New chief justiceto study program

Bricks and mortar have always been a popular product among politicians, and brand-new courthouses deliver them from Frankfort back to lawmakers' and judges' home districts.

But Kentucky is now facing a severe budget crisis, and some lawmakers and citizens want to know whether a program to build new courthouses all over the state should outweigh cuts in education, social and judicial services.

Change might be coming. In a recent interview, the new chief justice of the Supreme Court, John D. Minton Jr., who has been in the job less than two months, says he needs to study the program more closely.

Minton recently put a hold on the new $30 million Franklin County judicial center because of concerns about whether it would make more sense and save money to adapt existing buildings rather than starting from scratch.

"We've had a big building era, but we're headed into an era of budget constraints," he said. "Whether we can continue to build courthouses in lean budget times is a matter for scrutiny."

Joseph E. Lambert, the previous chief justice, initiated a program to build new courthouses or renovate old ones across the state. In the past decade, $880 million has been allocated for courthouses.

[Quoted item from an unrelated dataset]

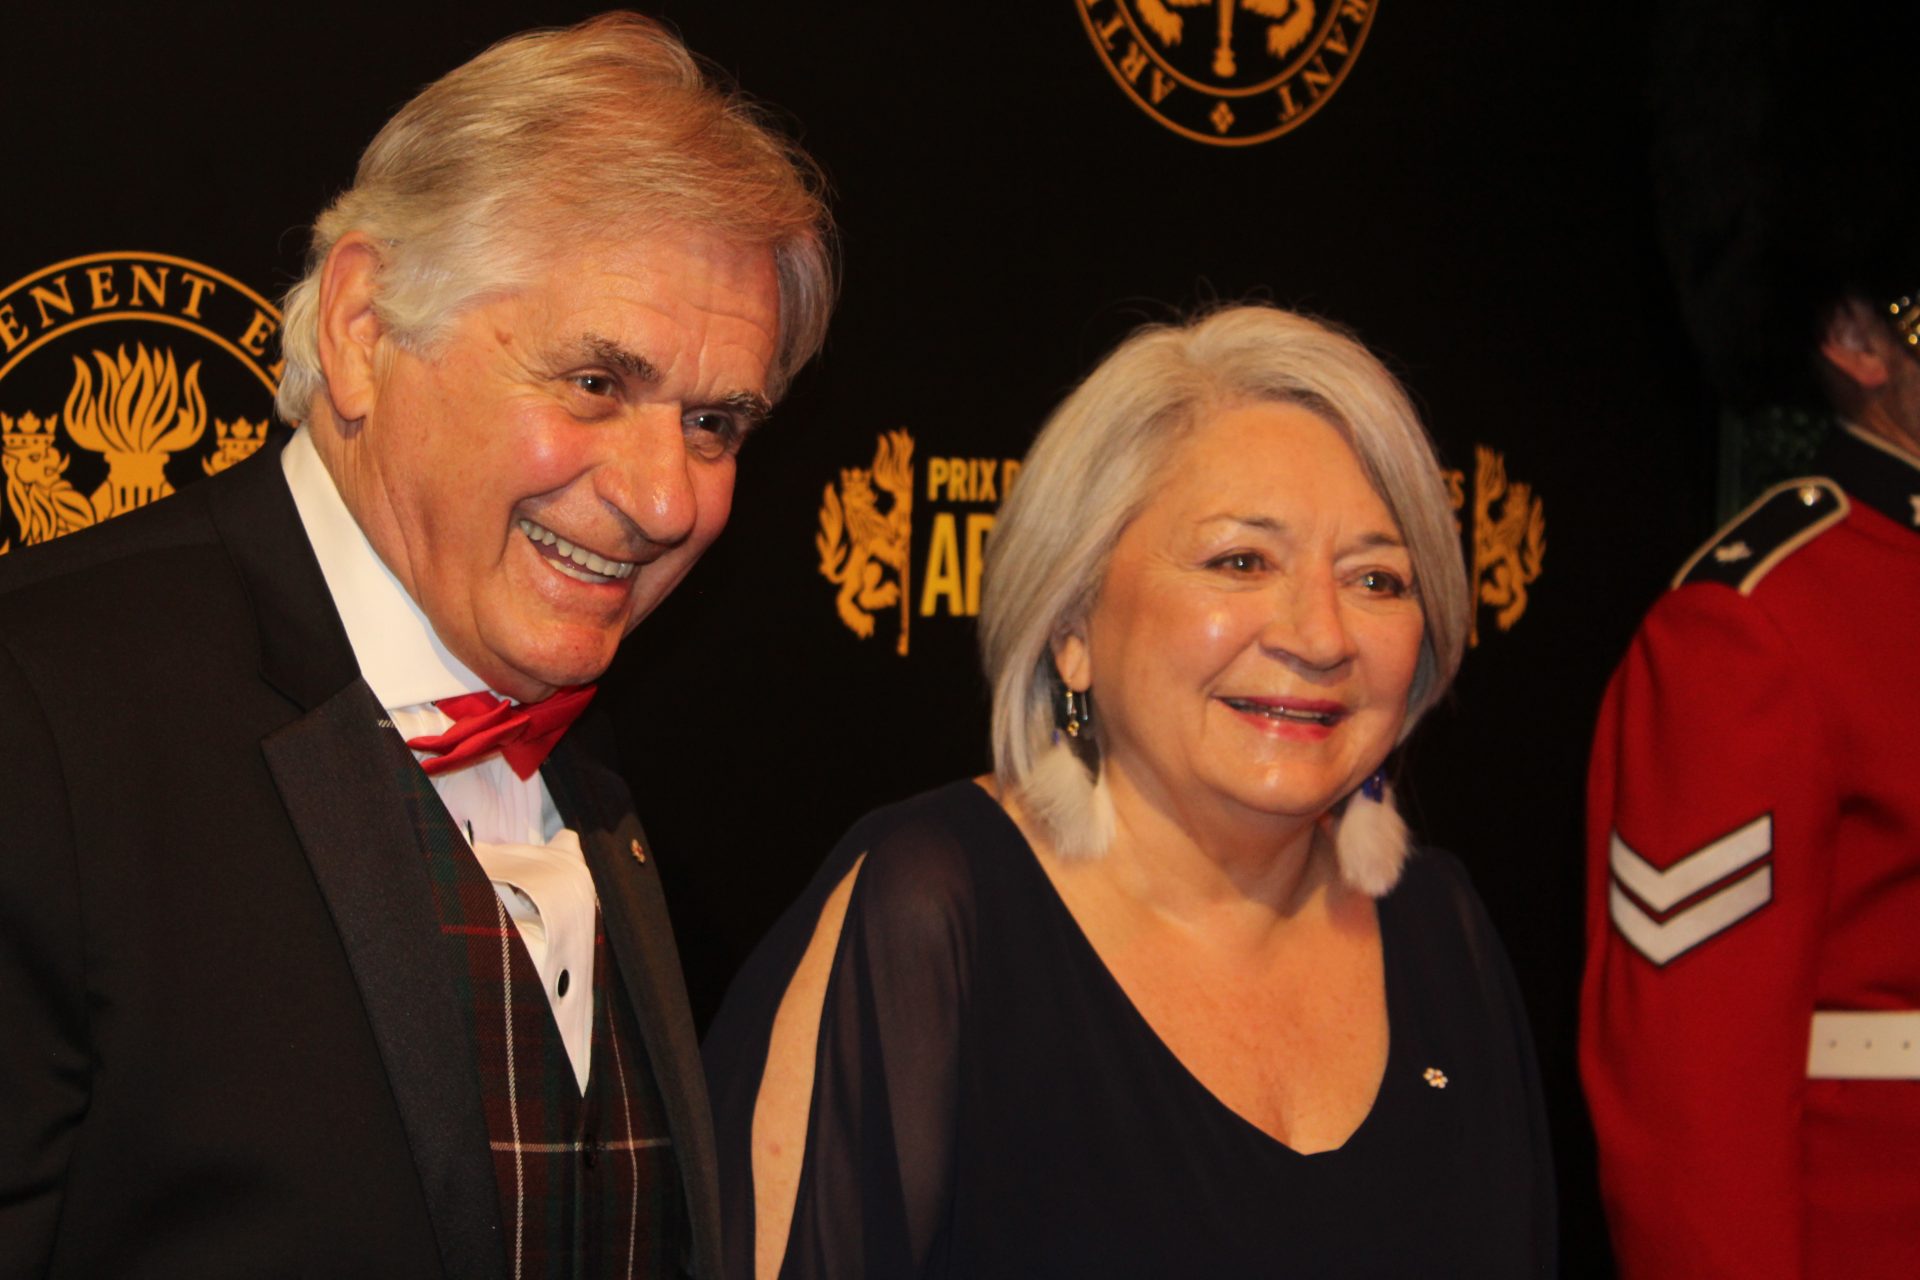 Her Excellency the Right Honourable Governor General Mary Simon, right, and her husband, His Excellency Whit Fraser at the 2023 Governor General's Performing Arts Awards on May 27, at the National Arts Centre.
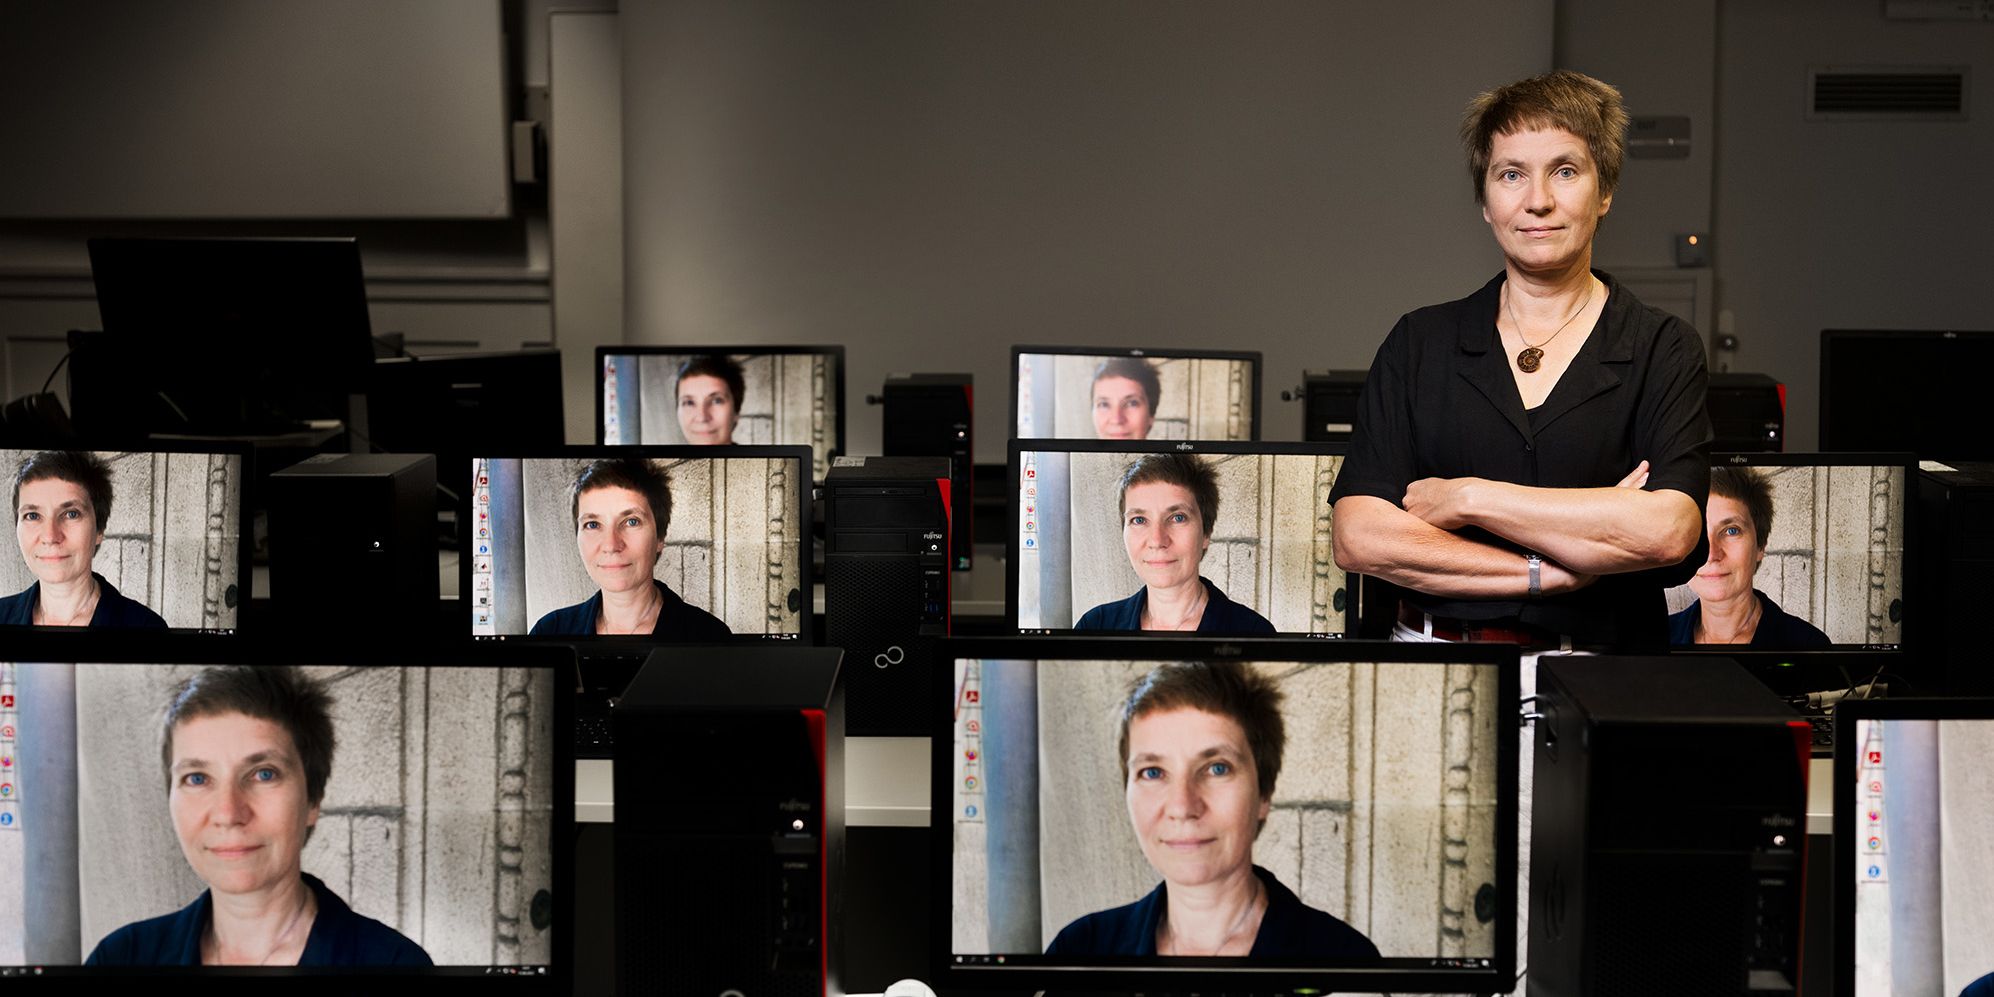 Photo of von Dr. Jessica Heesen, as well reflected on several screens.

Steve Royce, a member of Kentuckians for the Commonwealth, would welcome that scrutiny. He says he wants to make sure Kentucky's government is as focused on numerous cuts in services.

"Certainly, in terms of good government, they should be on the table alongside $800 million spent on new courthouses," he said.

For courthouse critics such as Rep. Jim Wayne, D-Louisville, the elephant in the room is that Kentucky has too many counties — only Texas and Georgia have more — and the courthouse building program exemplifies wasteful spending and duplication.

"Most legislators will admit the fact that we cannot afford the Balkanization of Kentucky the way we have it," he said. "They could be designing regional courthouses so we start taking steps toward regionalization of services, but that's a threat to local politicians, so they put pressure on the AOC" (Administrative Office of the Courts).

But both Lambert and Garlan VanHook, head of the AOC facilities, say there was never any discussion of shared justice centers.

"I could not make an intellectually honest case to give less to Robertson County than to Fayette County," Lambert said.

For anything to change, he added, the General Assembly would have to mandate regionalization of services. (Several such attempts have been made throughout the years, but none has ever succeeded.)

"As long as that's the law, I could think of no way in the world to regionalize court services," Lambert said. "I predict that will never happen."

Still, former governor and current state Sen. Julian Carroll, D-Frankfort, said he was pleasantly surprised by Minton's willingness to put the proposed Franklin County judicial center project on hold.

Carroll is representing a Franklin County group that wants to renovate the current courthouse rather than spend $30 million to build a new one in Frankfort's historic downtown.

"I think our former chief justice was a strong advocate of the separation of the three branches, and the stand-alone buildings give an identity" to the judicial branch, Carroll said.

But, Carroll said, the stand-alone identity may not be the most important thing right now.

"With state and county governments hurting so direly for funds," he said, "we've got to be more judicious in the use of our tax dollars."